Your answer must be an exact transcription of the data, with every picture omitted.
Data segment Block Start
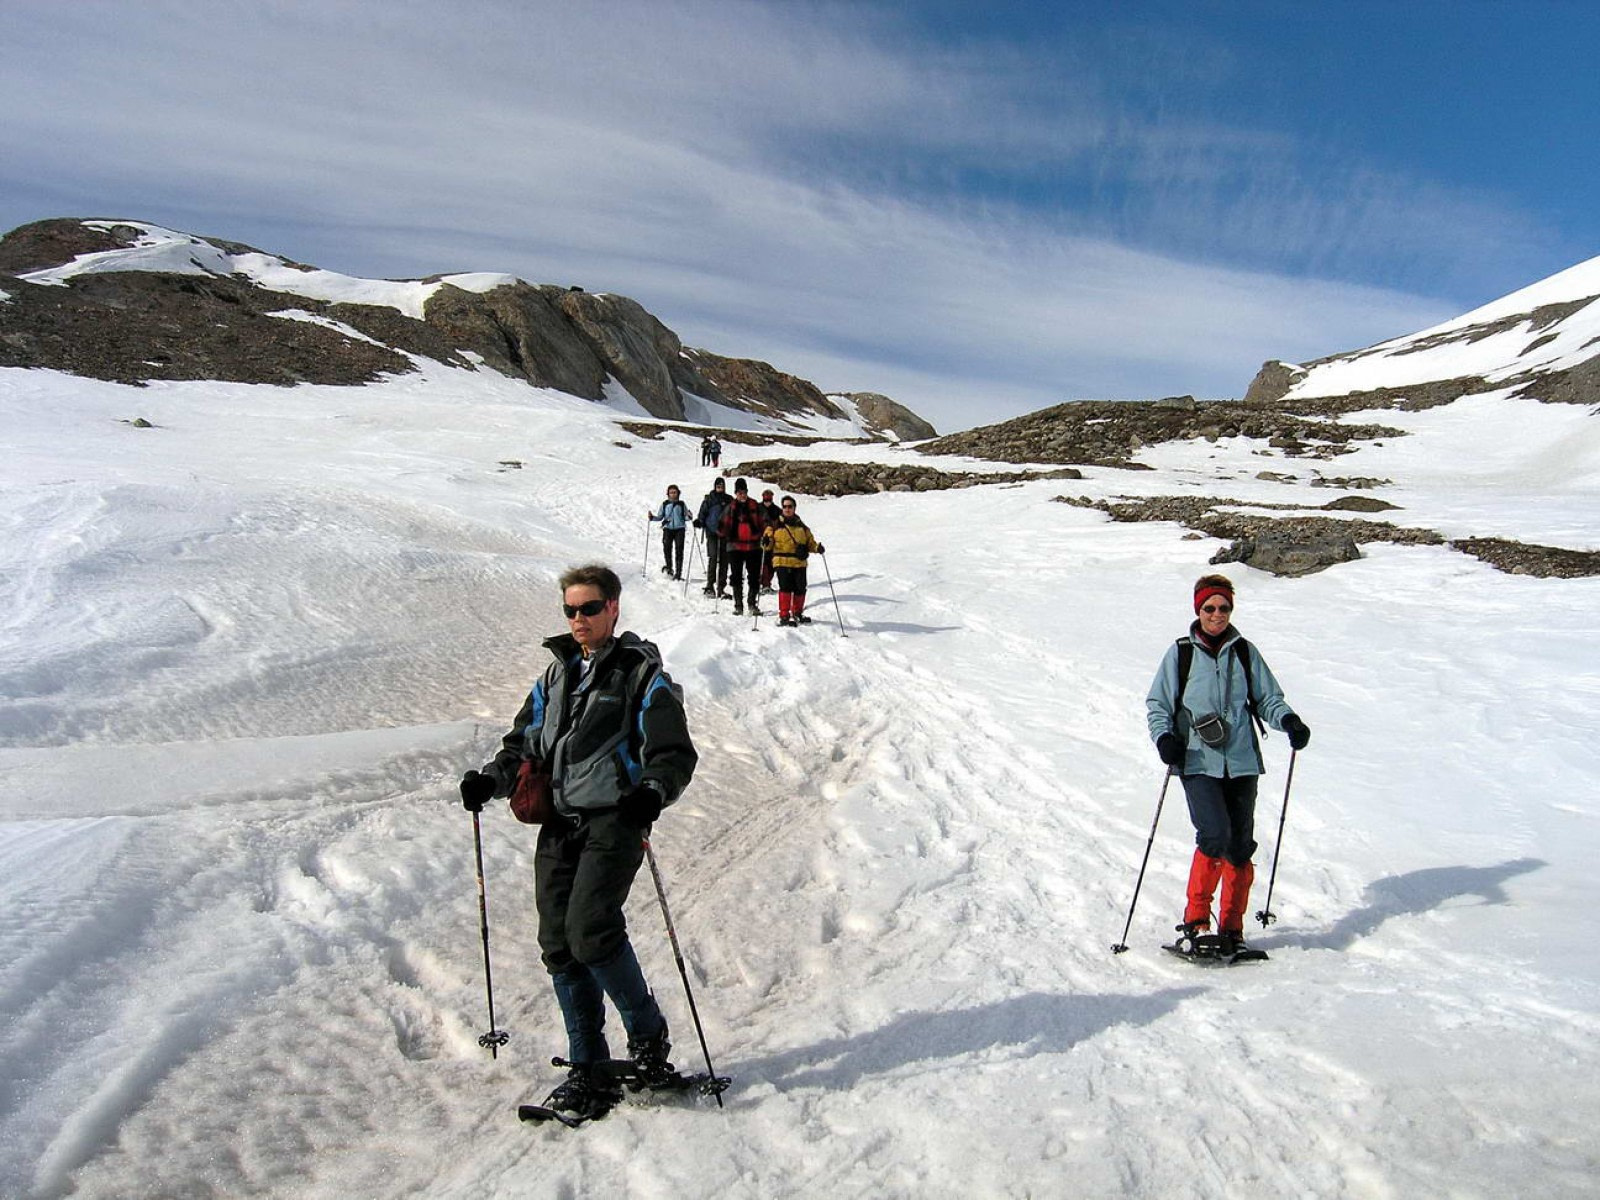 Snowshoeing makes it easier to walk through deep snow
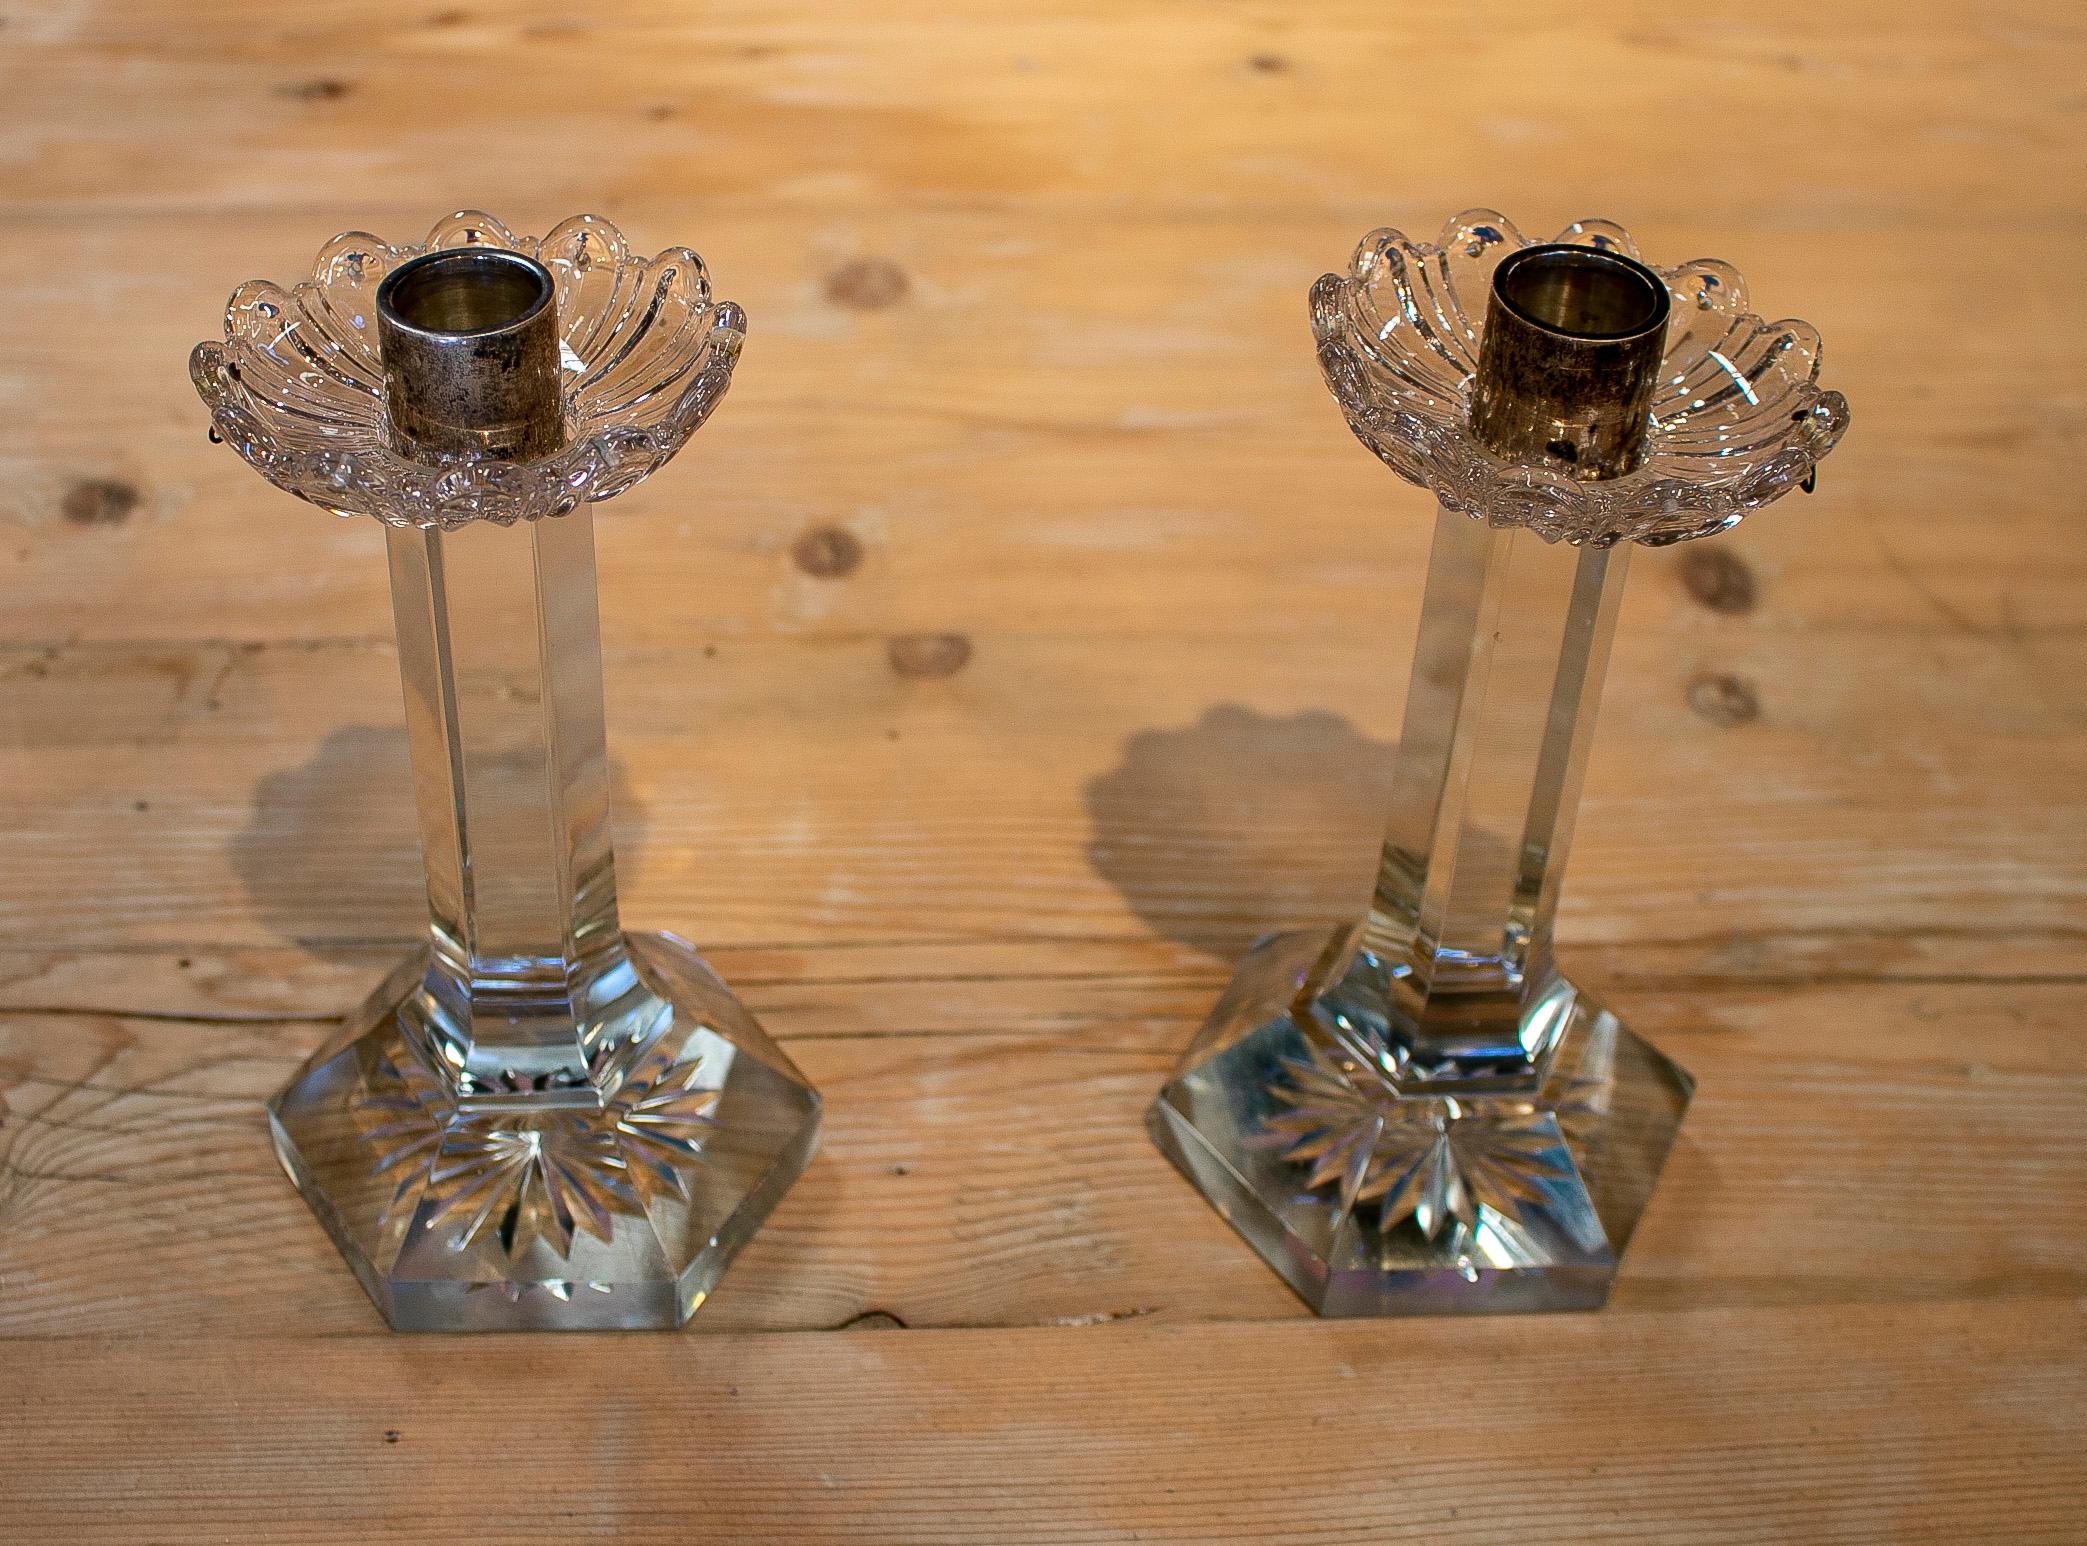 Vintage 1950s Spanish hand caved crystal candlesticks.
  
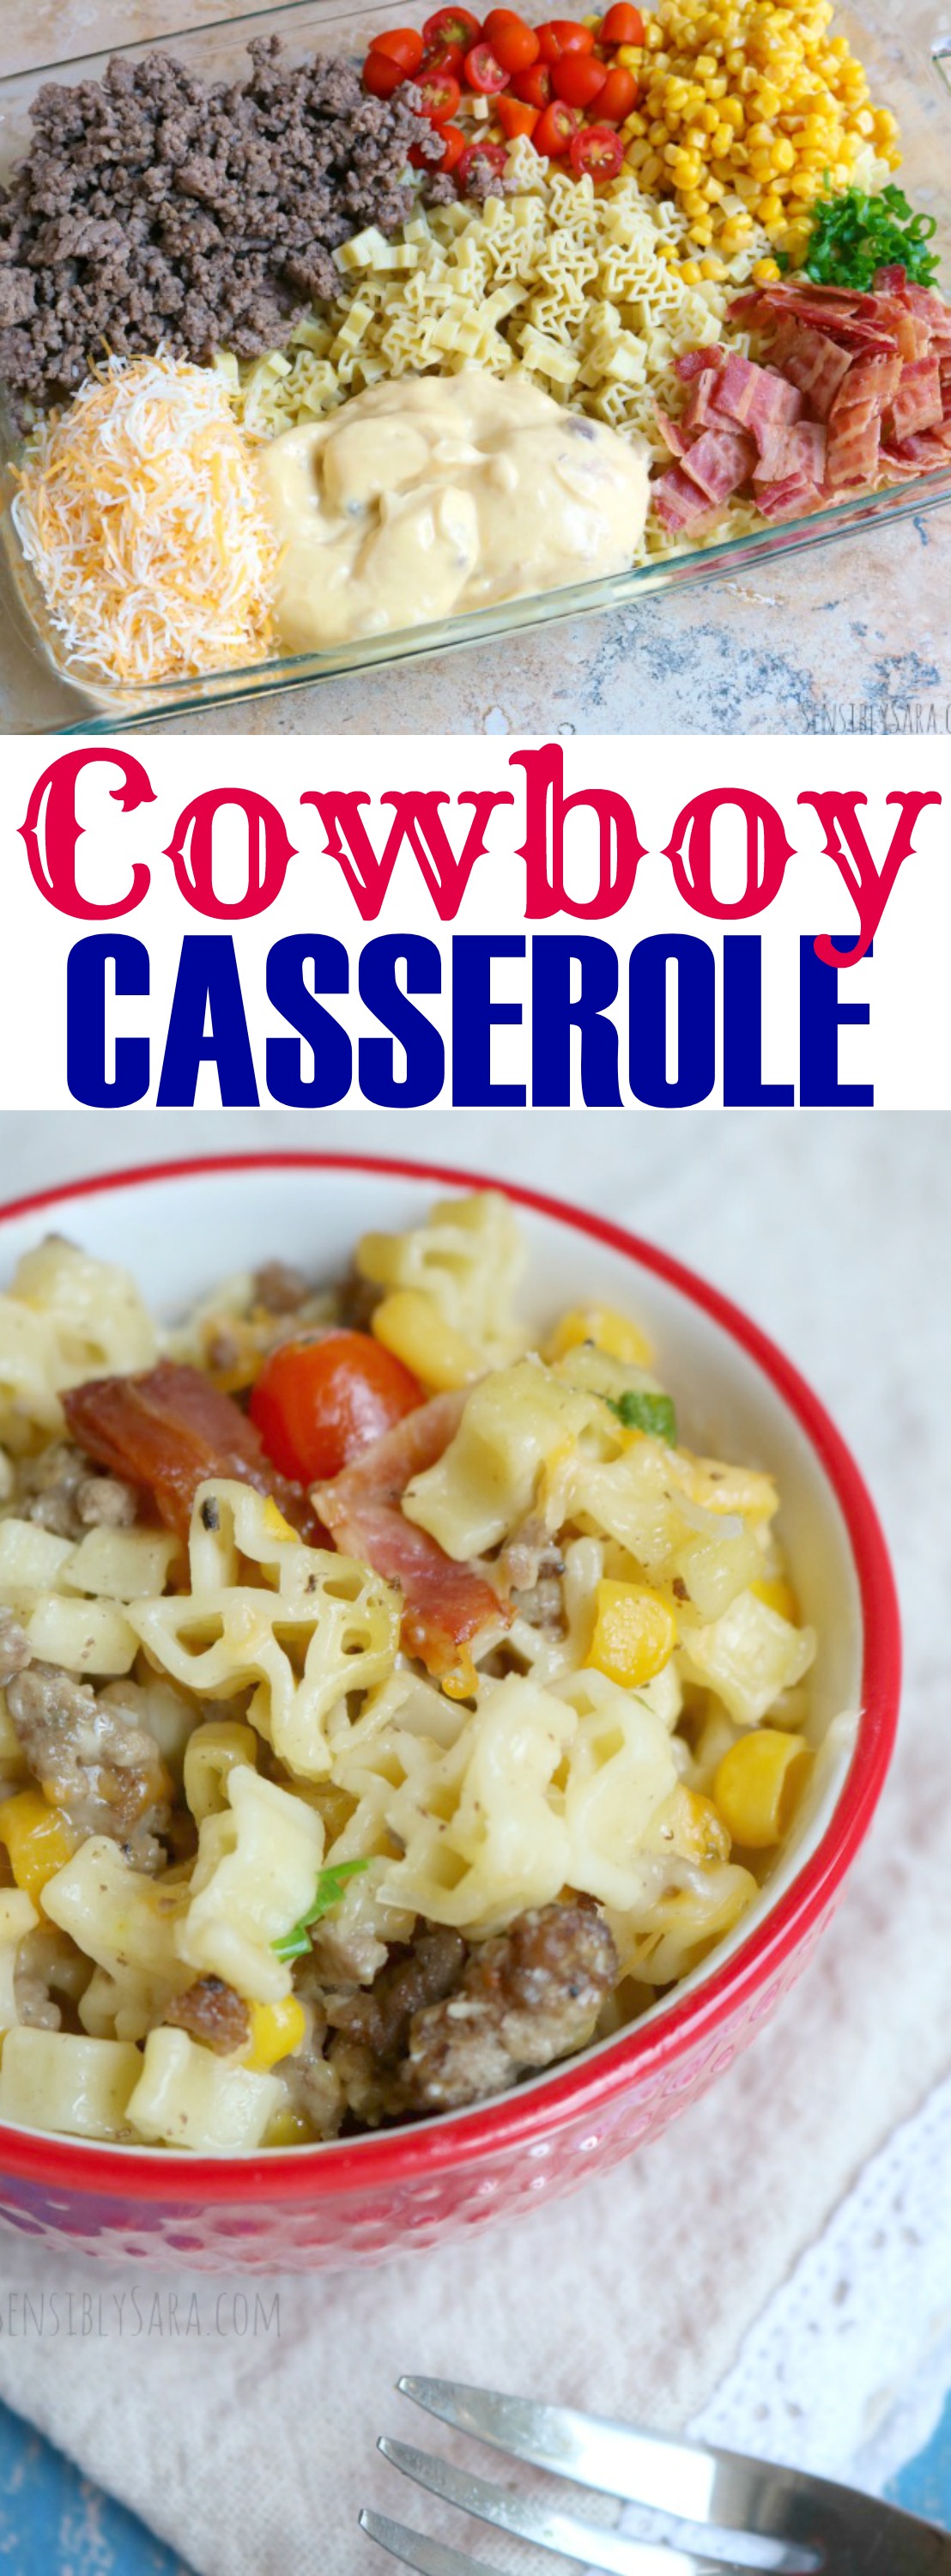 Cowboy Casserole Recipe | SensiblySara.com
Data segment Block End
■ **Expected answer**:
 Snowshoeing makes it easier to walk through deep snow
 Vintage 1950s Spanish hand caved crystal candlesticks.
  
 Cowboy Casserole Recipe | SensiblySara.com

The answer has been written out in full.